32. With regard to persons provided to the courts by ALS, whilst interpreting for the Crown Prosecution Service and Defence Solicitors, I have witnessed a number at work. A few were of reasonable quality, although obviously not comfortable interpreting some of the more complex legal issues. Many, however, only summarised what was being said in court, interpreting perhaps only 20% of what was being said, and often not accurately. In one case, when probation reports and the antecedent history were being presented to the court, the ALS interpreter advised the defendant that the court was discussing technical matters, and said no more.

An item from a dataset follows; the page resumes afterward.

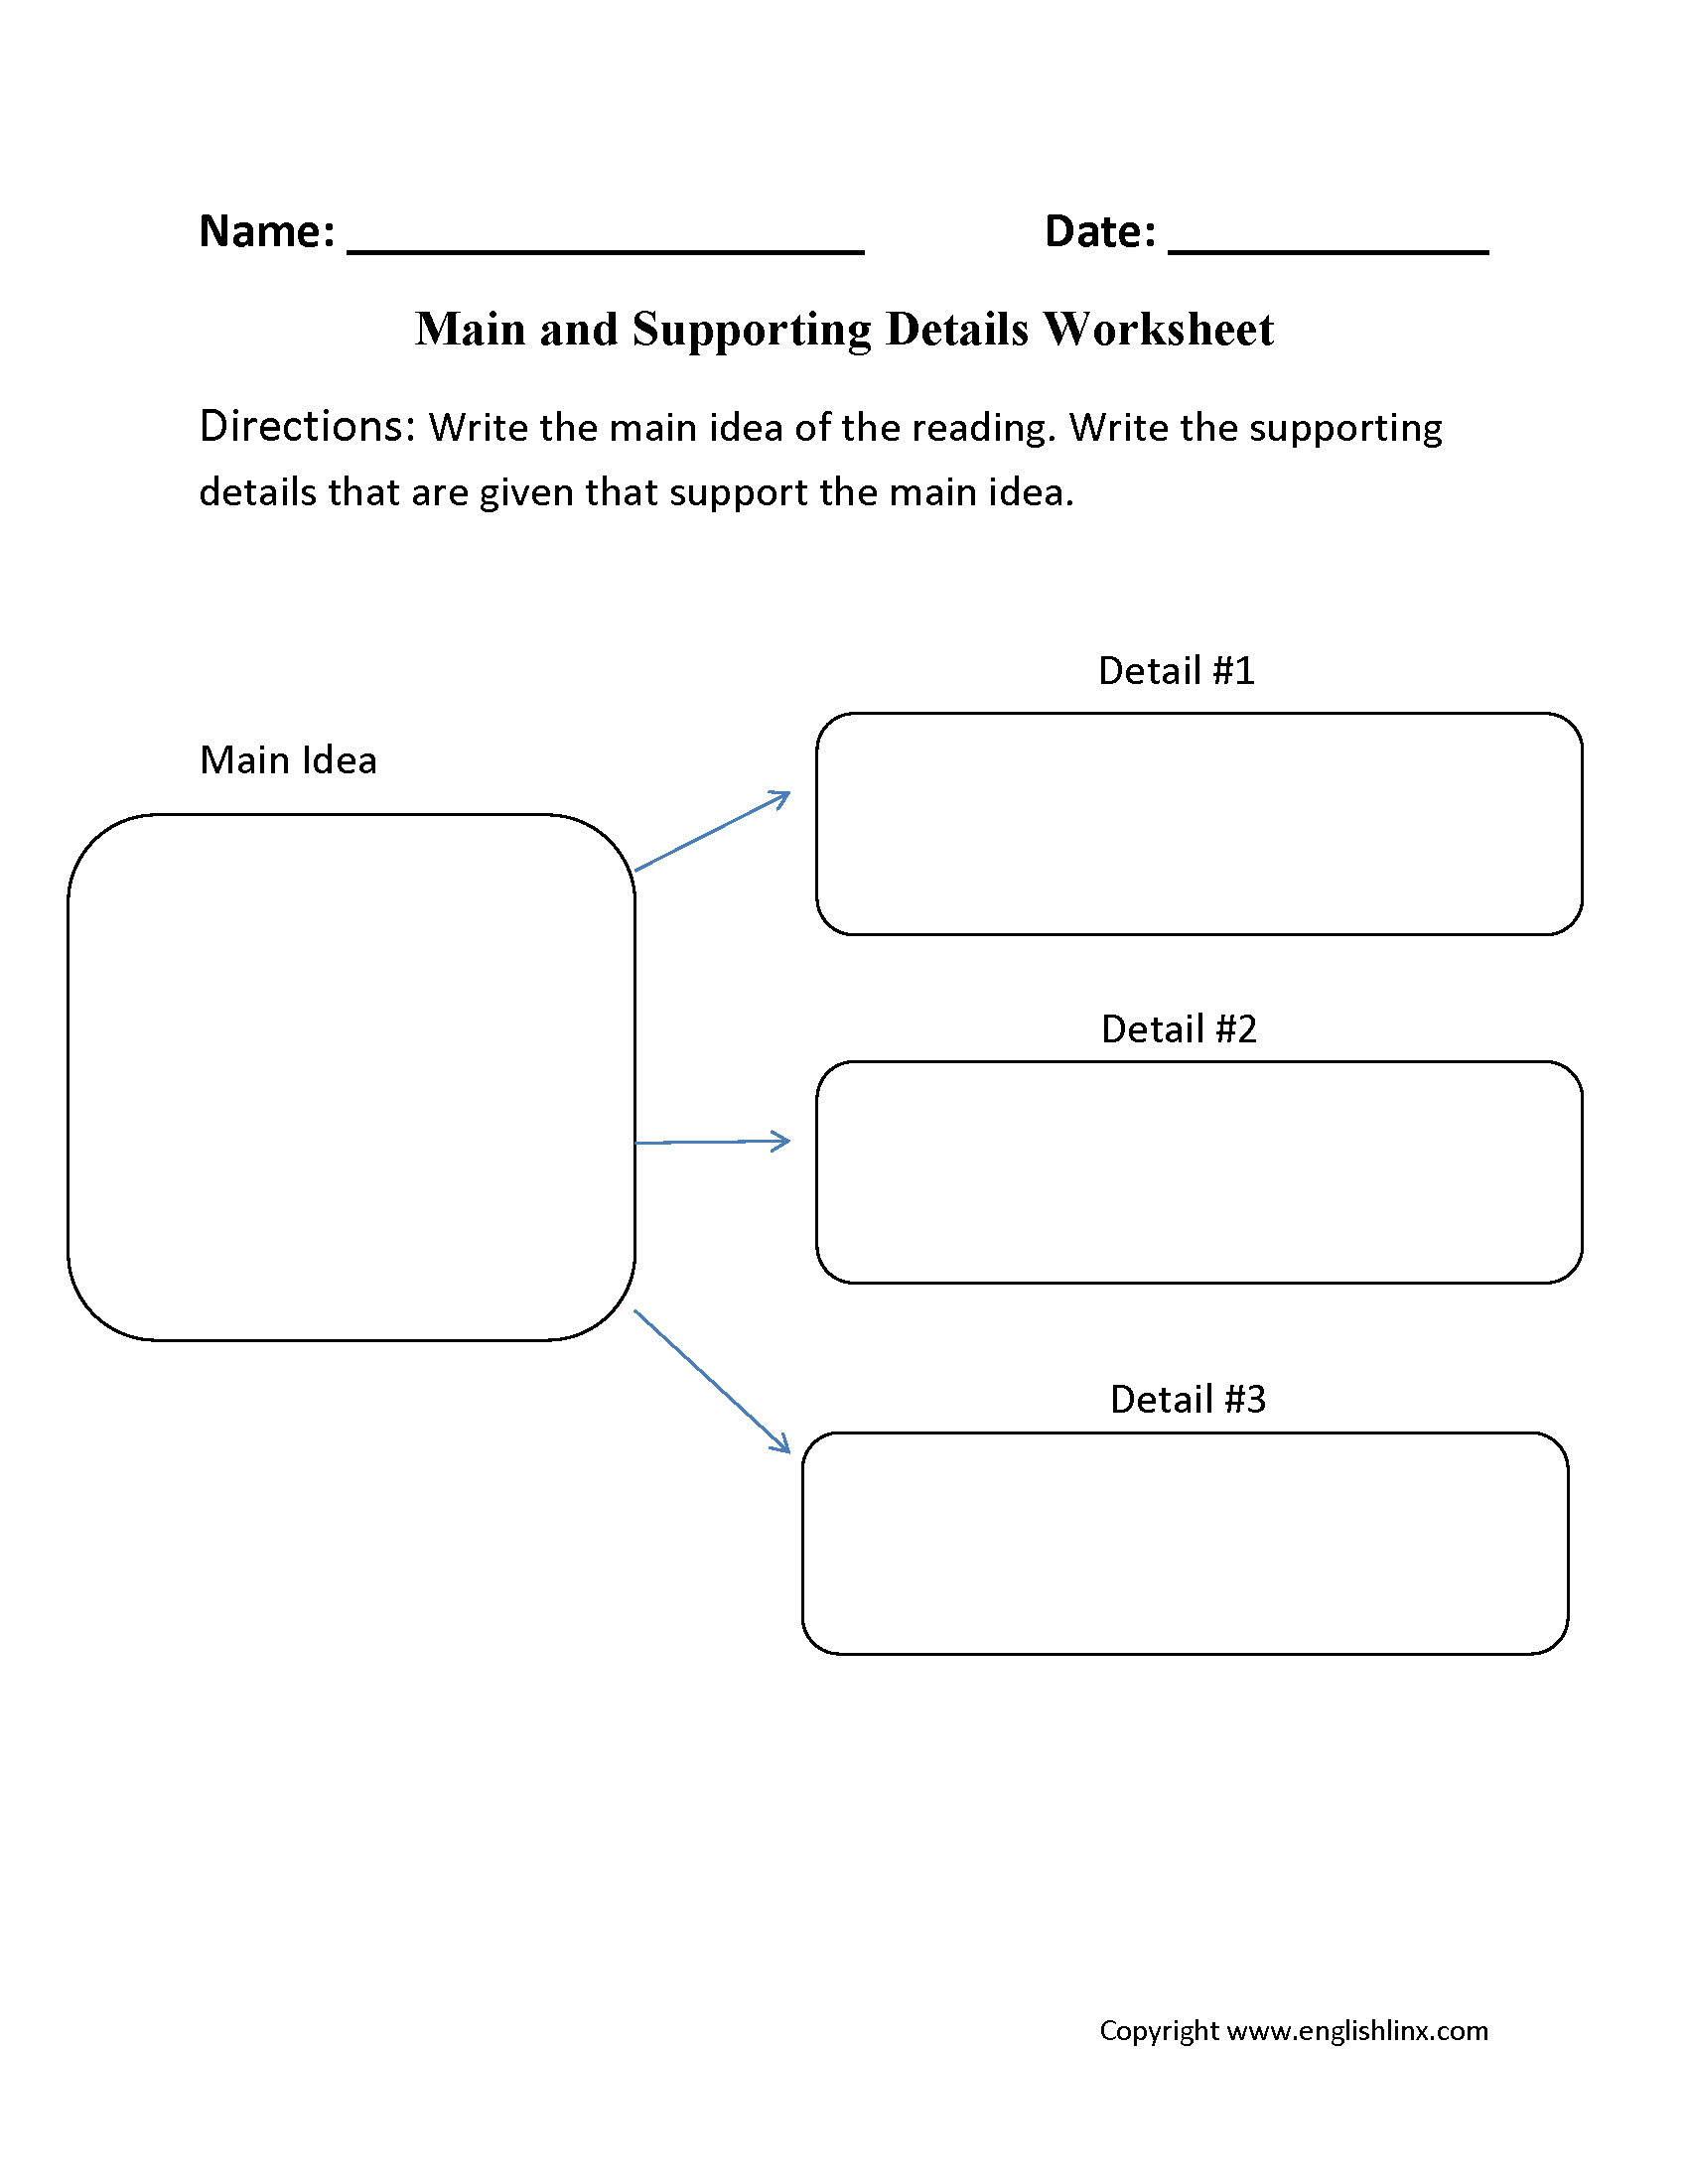 Main Idea Suporting Details Worksheets

33. Summarising proceedings does not give the defendant opportunity to understand the court process and adequately instruct their defence team.
34. I have noted a trend for Solicitors to advise clients on an assumption that ALS will not be able to provide an interpreter for court, the solicitor attending at the Police station giving advice to their client that they should inform the court that they spoke English and could understand the proceedings. The alternative presented to their client is that they might otherwise be remanded in custody for several days before an interpreter was arranged for the court. The solicitor had no confidence, based on previous experience, that an interpreter would be provided for the first few hearings. It cannot be good for justice if such advice is being given on a pragmatic rather than legal basis.
35. The lowering of standards is already producing a reaction in the way that professionals (Solicitors, Prosecutors, Police Officers, etc.) approach the person engaged to interpret. I have worked as an interpreter for some 20 years, and almost exclusively in the criminal justice system since 2005. I and my colleagues increasingly find that the Professional person asks if the interpreter has interpreted previously, or starts to give a detailed briefing of the interpreting process, such as “I will say something in English, you repeat it in the other language, and then say in English what the person says in response”. If some find it necessary to give such advice, it speaks volumes about some of their experiences of persons engaged to interpret.